Chances are that most of the transactional data in your organization are still stored in relational databases like SQL Server, Oracle and DB2. When modernizing your application landscape this will rapidly change. Why? And what does that mean?
The problem with relational databases
Modern software solutions are service oriented and very distributed, where the systems of record are still hardly having a user interface but do have good, mediated APIs that expose business logic as services. And the tailormade solutions are created through low-code and integration on top of these APIs. The composition of these services exposed through APIs is taking place on a higher level. That is where the differentation takes place. That’s where you use small apps that do exactly what you need, fully integrated with your application landscape. The underlying systems of record will in the meantime also be modernized by the suppliers, where these will also move away from the silo approach and relational databases. Mark my words.
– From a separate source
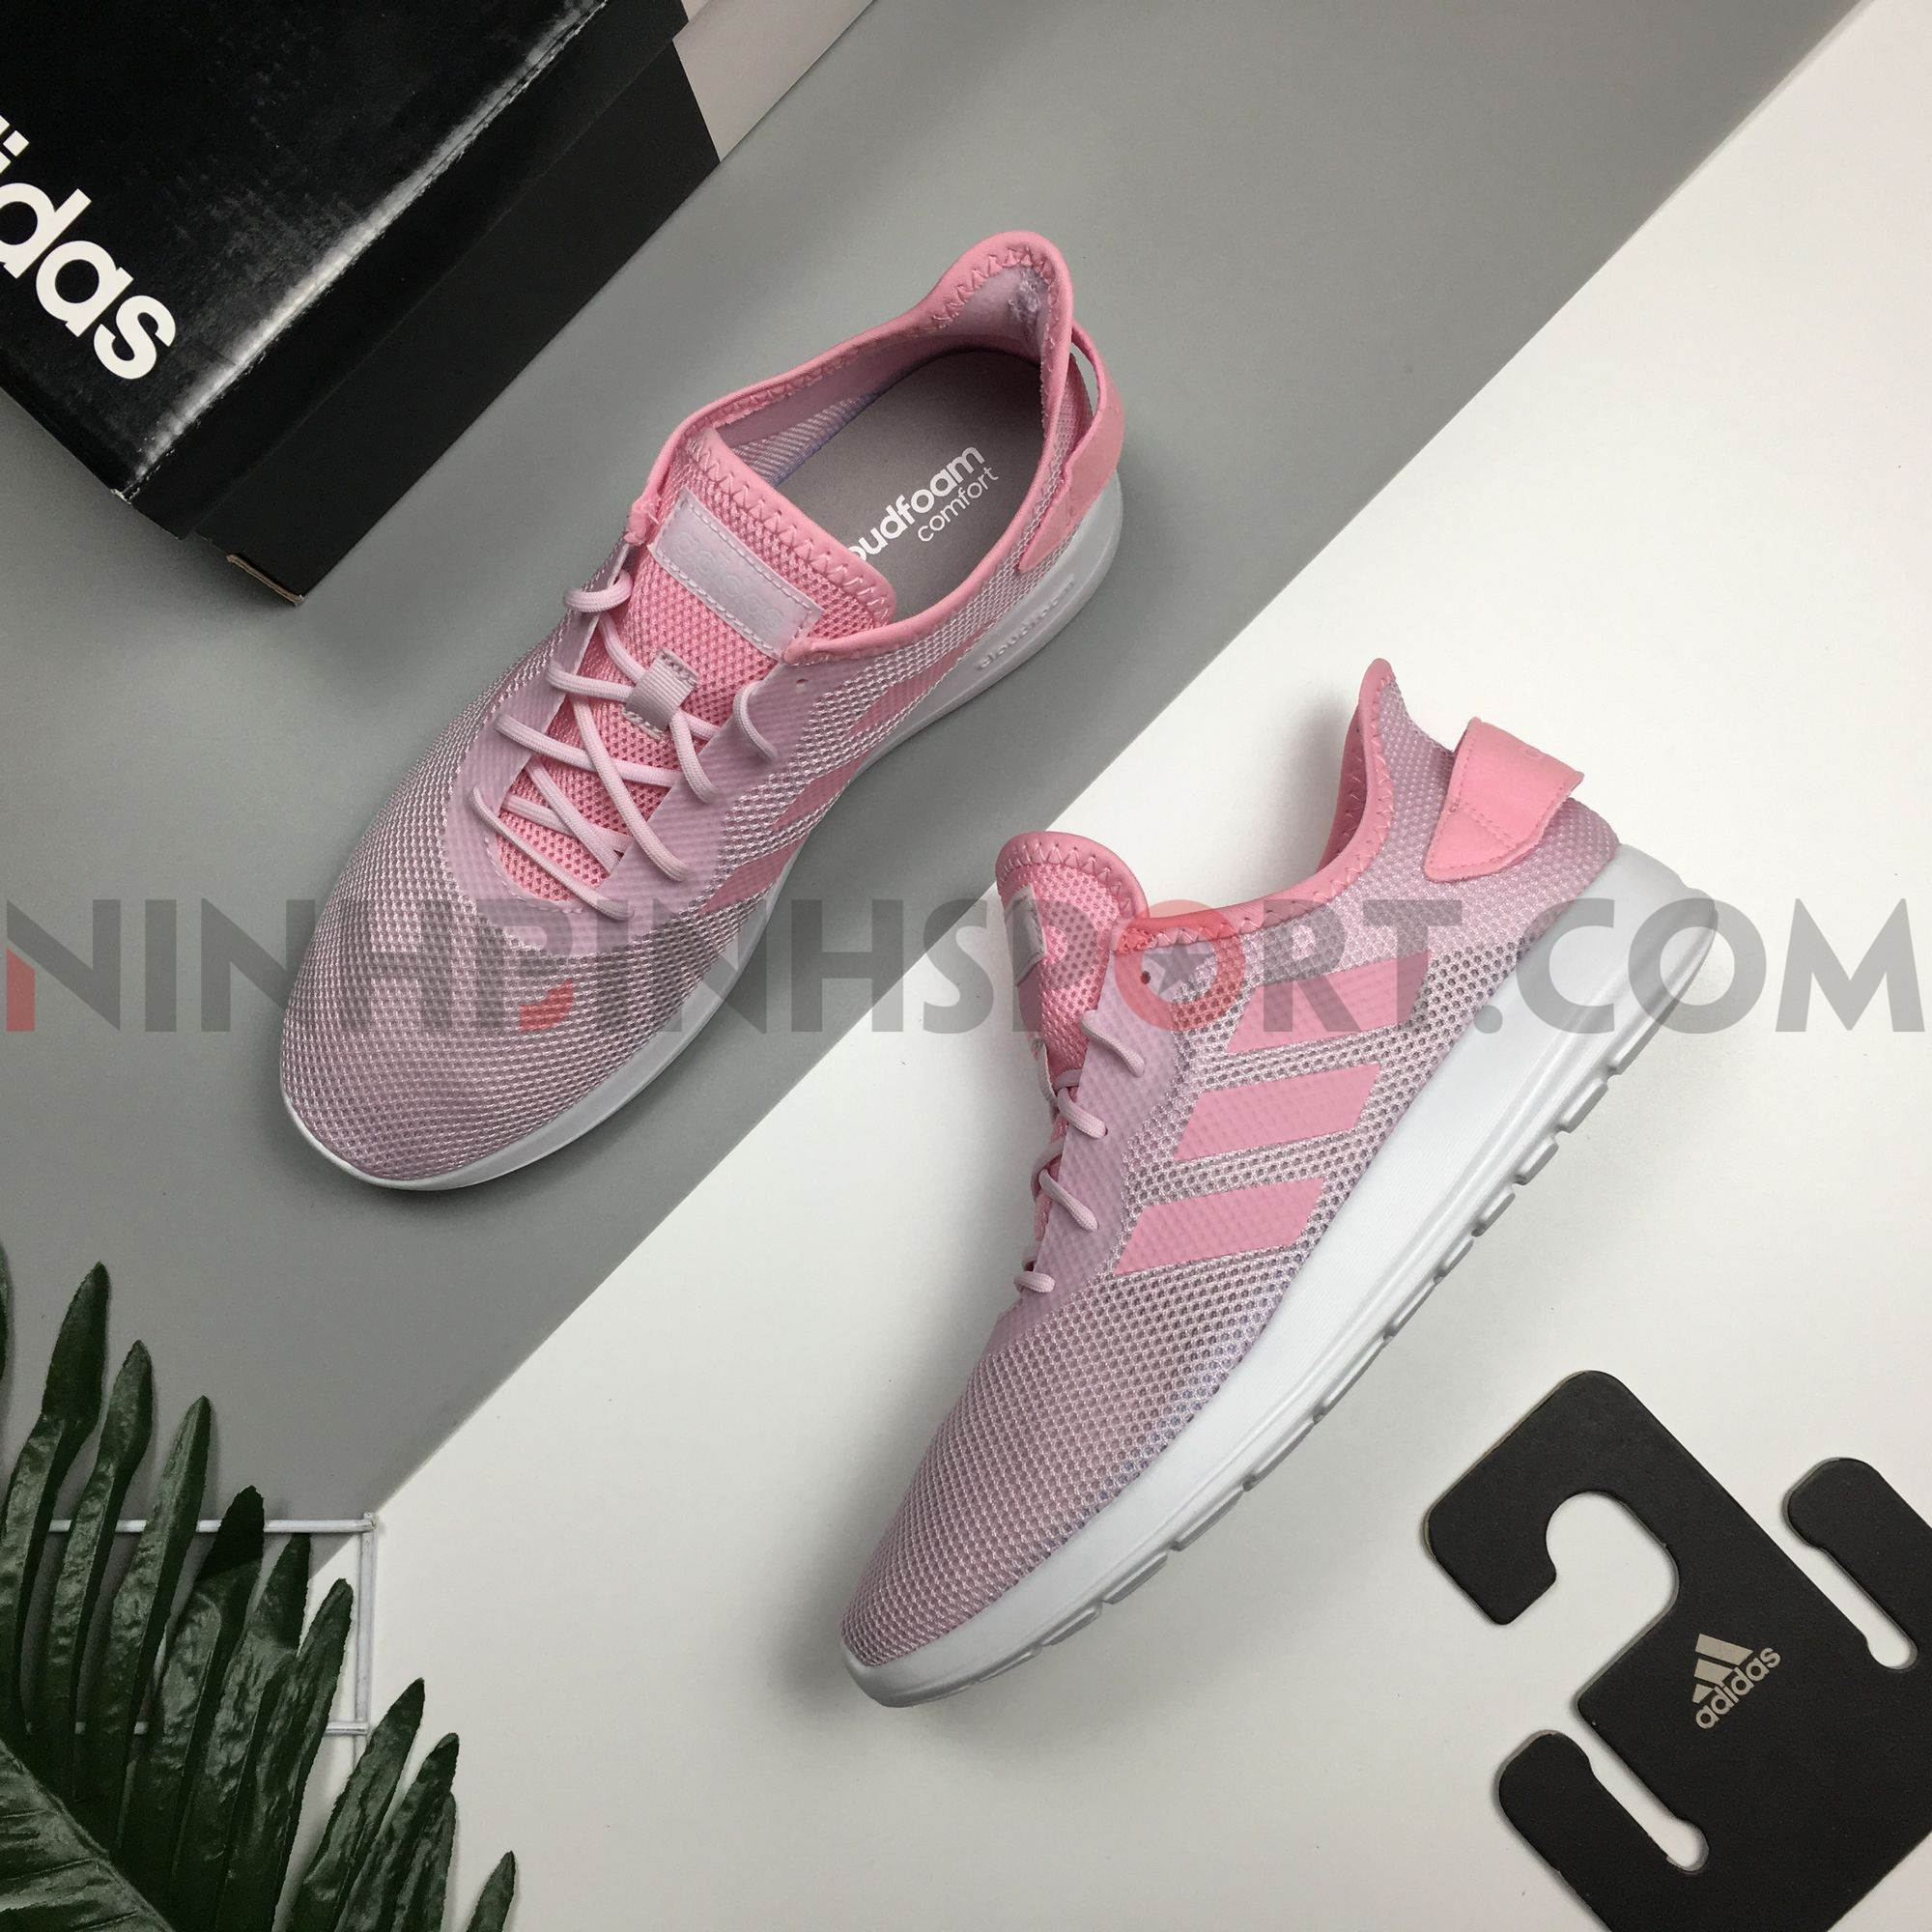 Giầy thể thao nữ Adidas Yatra Pink F36514

There are three great problems with relational databases:
- Relations are hardcoded, to ensure referential integrity. This cannot be used anymore in a software architecture based on microservices and apps.
- Transactions are executed in the context of this one database. That no longer works in a distributed application landscape. Commit and rollback are phenomenons of the 80’s that cannot be used any longer.
- And, not to forget, the costs of relational databases are way to high, because most of the times they are end-user based.
In practice, lots of relational databases are misused to store non-relational data. Just because the thing is already there and operated. And because it easily goes with the regular backups. That’s a wrong strategy. It should change. Now.
How to prepare?
Now is the time to slowly say goodbye to relational databases in your tailormade solutions. For every need of data storage, try to find out how relations with other data can be created. These days, there are lots of different storage methods, especially in the cloud. To name a few:
- NoSQL or Document database – here you can for example store JSON objects and search easily and flexibly. These databases don’t use schemas.
- Graph database – this is where you can store all kinds of information and dynamically create n:m relations. Ideal to create profiles and have the data that is interesting for you actually come to you.
- Data lake – here you can store all kinds of varieties, volumes and volocities of data and do big data analyses. This will often be machine generated data, such as with IoT scenarios.
In a (micro)service architecture it is important to cater for eventual consistency. The database cannot take care of that for you anymore, simply because that cannot be done overarching multiple databases. How you organize your services and APIs will become more and more important, including the data architecture belonging with that.
So, what about business intelligence and analytics? These solutions will have to change rapidly as well. More and more data that is needed to show in dashboards or reports will come from non relational databases. Traditional ETL cannot be used anymore. Cubes cannot be created that easily anymore. Artificial intelligence as part of your analytics solutions, even for the traditional hindsight applications (“wat happened?”), cannot be avoided. Let alone if you want predictive (“what will happen?”) or prescriptive (“what do I have to do to realize this?”) solutions. You’ll have to start thinking about these kind of things and adjust your architecture to it. Waiting for “the hype to blow over” is not a good strategy. The relational database is already clinically dead IMHO. You can throw your SQL skills in the bin in no time!